YOUR INSTRUCTIONS – Starting at the line below holding "Freshscent 16 oz." and stopping at the line holding "中崎絵梨奈さんのインスタグラム写真 中崎絵梨奈instagram 元バスケ部ですが", print every line exactly, both ends included, and leave the rest out.

MATERIAL TO PROCESS –
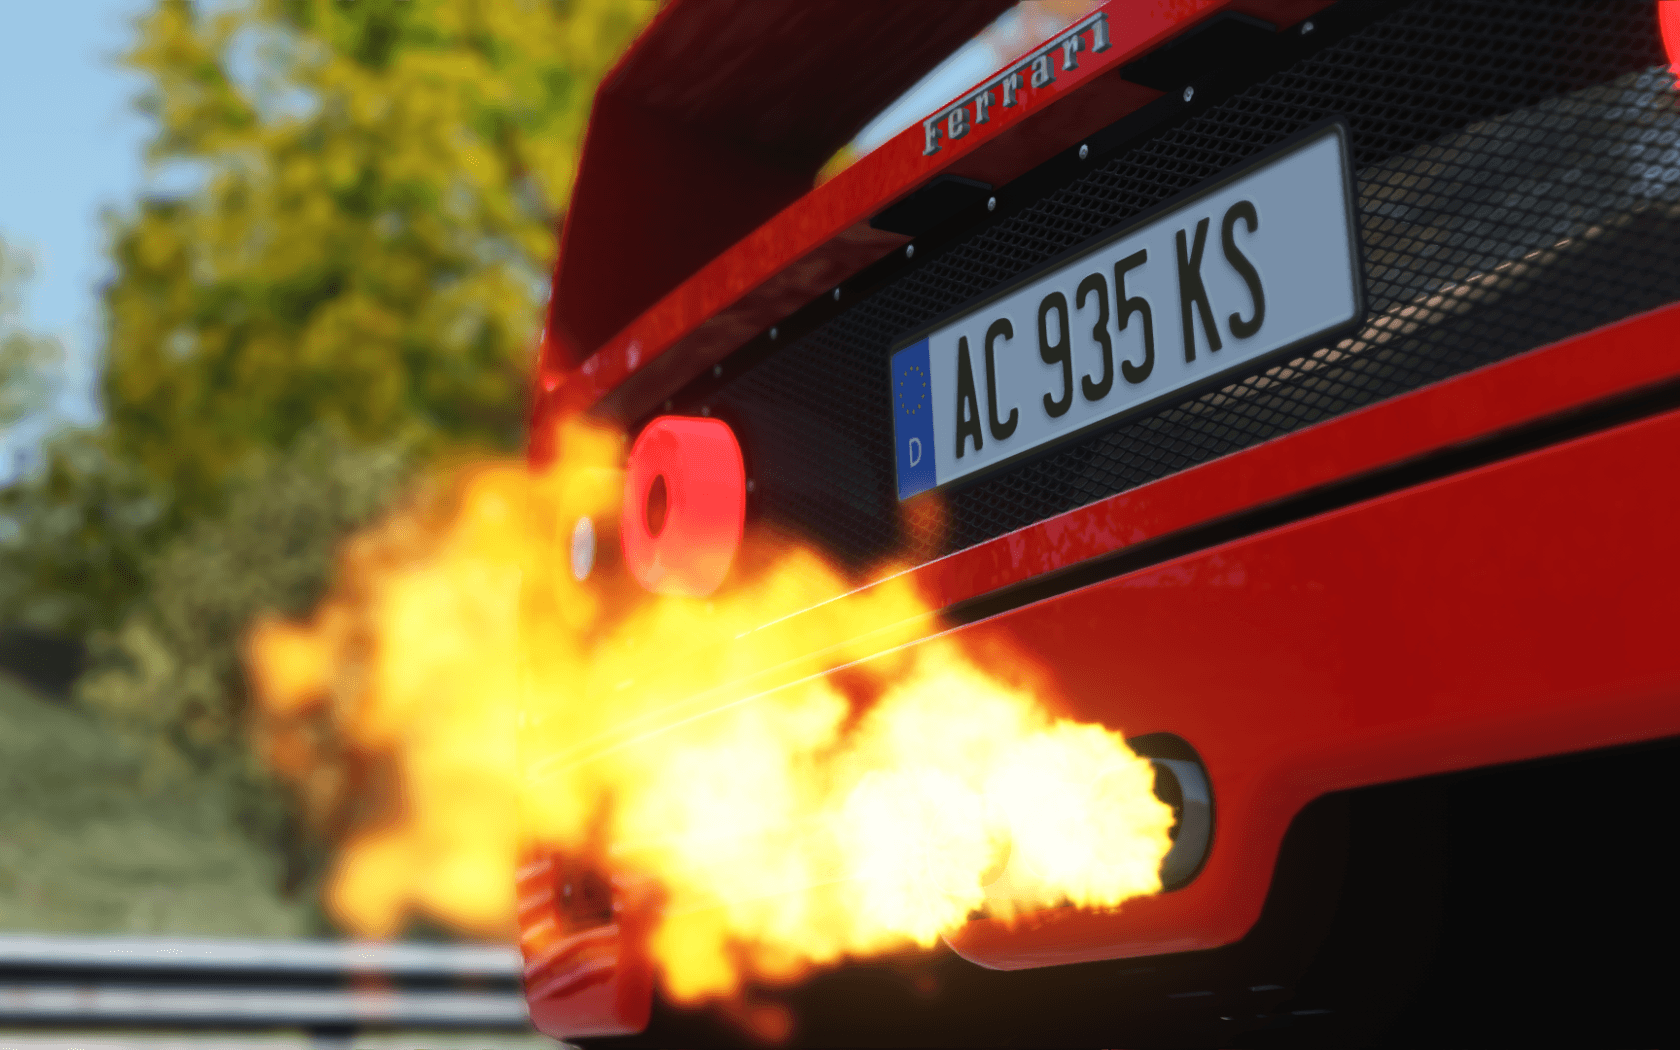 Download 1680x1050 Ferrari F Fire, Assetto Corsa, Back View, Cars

==

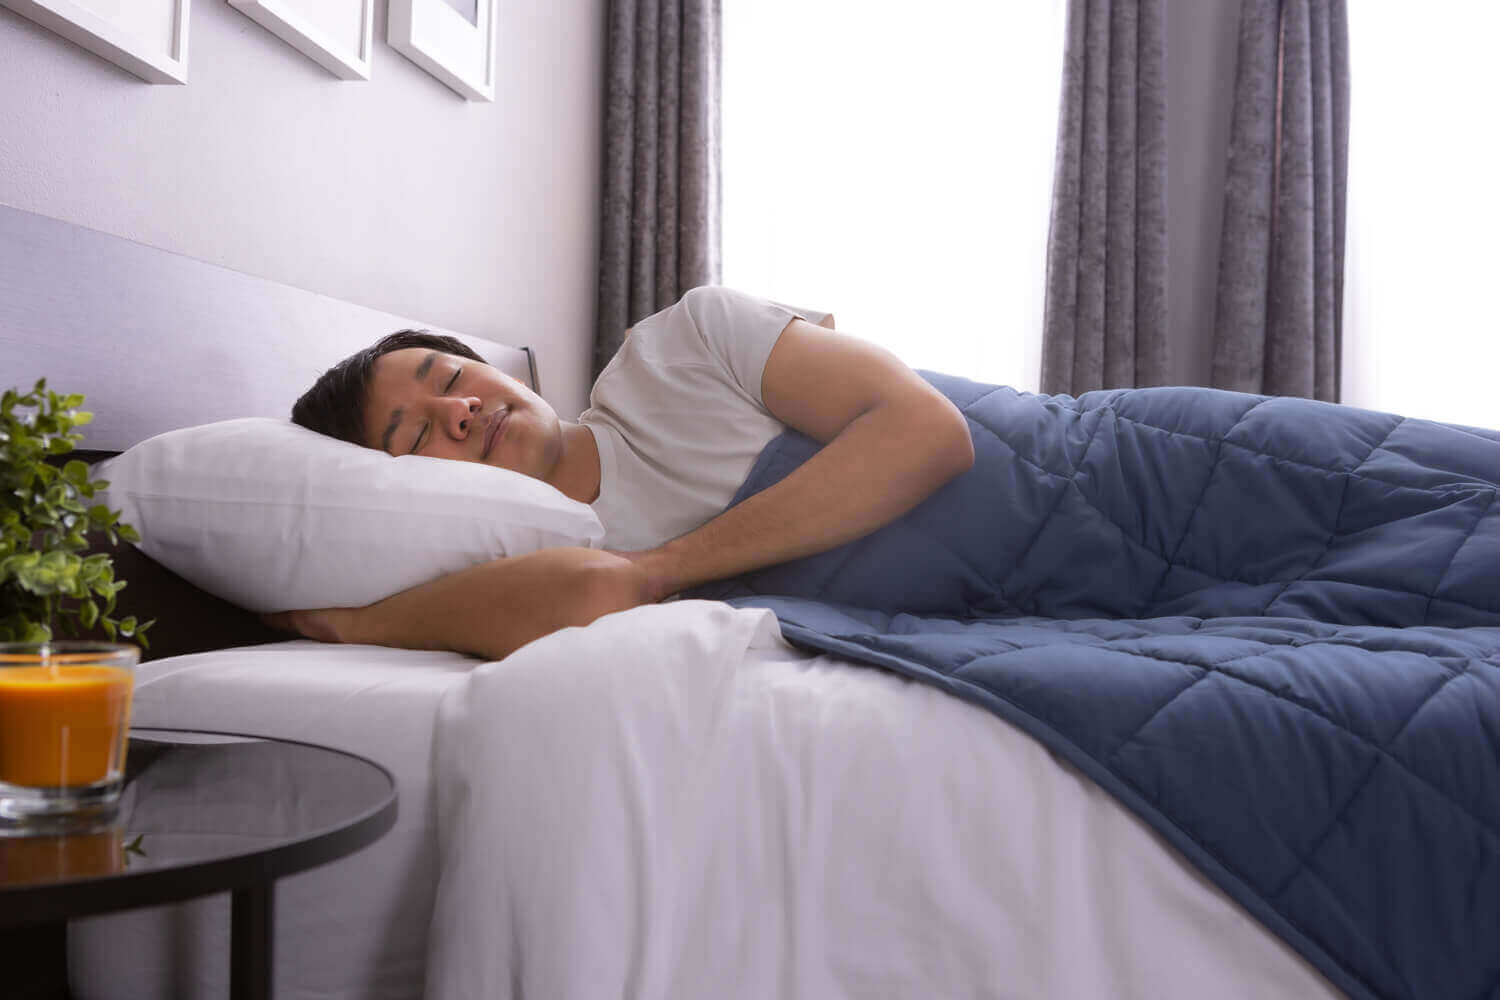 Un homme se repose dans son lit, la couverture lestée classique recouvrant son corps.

...

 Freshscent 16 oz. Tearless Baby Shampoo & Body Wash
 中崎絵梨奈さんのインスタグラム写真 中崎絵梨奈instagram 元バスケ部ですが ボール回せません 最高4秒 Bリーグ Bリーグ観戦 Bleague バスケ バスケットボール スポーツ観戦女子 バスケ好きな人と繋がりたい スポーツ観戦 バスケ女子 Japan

TASK SOLUTION –
 Freshscent 16 oz. Tearless Baby Shampoo & Body Wash
 中崎絵梨奈さんのインスタグラム写真 中崎絵梨奈instagram 元バスケ部ですが ボール回せません 最高4秒 Bリーグ Bリーグ観戦 Bleague バスケ バスケットボール スポーツ観戦女子 バスケ好きな人と繋がりたい スポーツ観戦 バスケ女子 Japan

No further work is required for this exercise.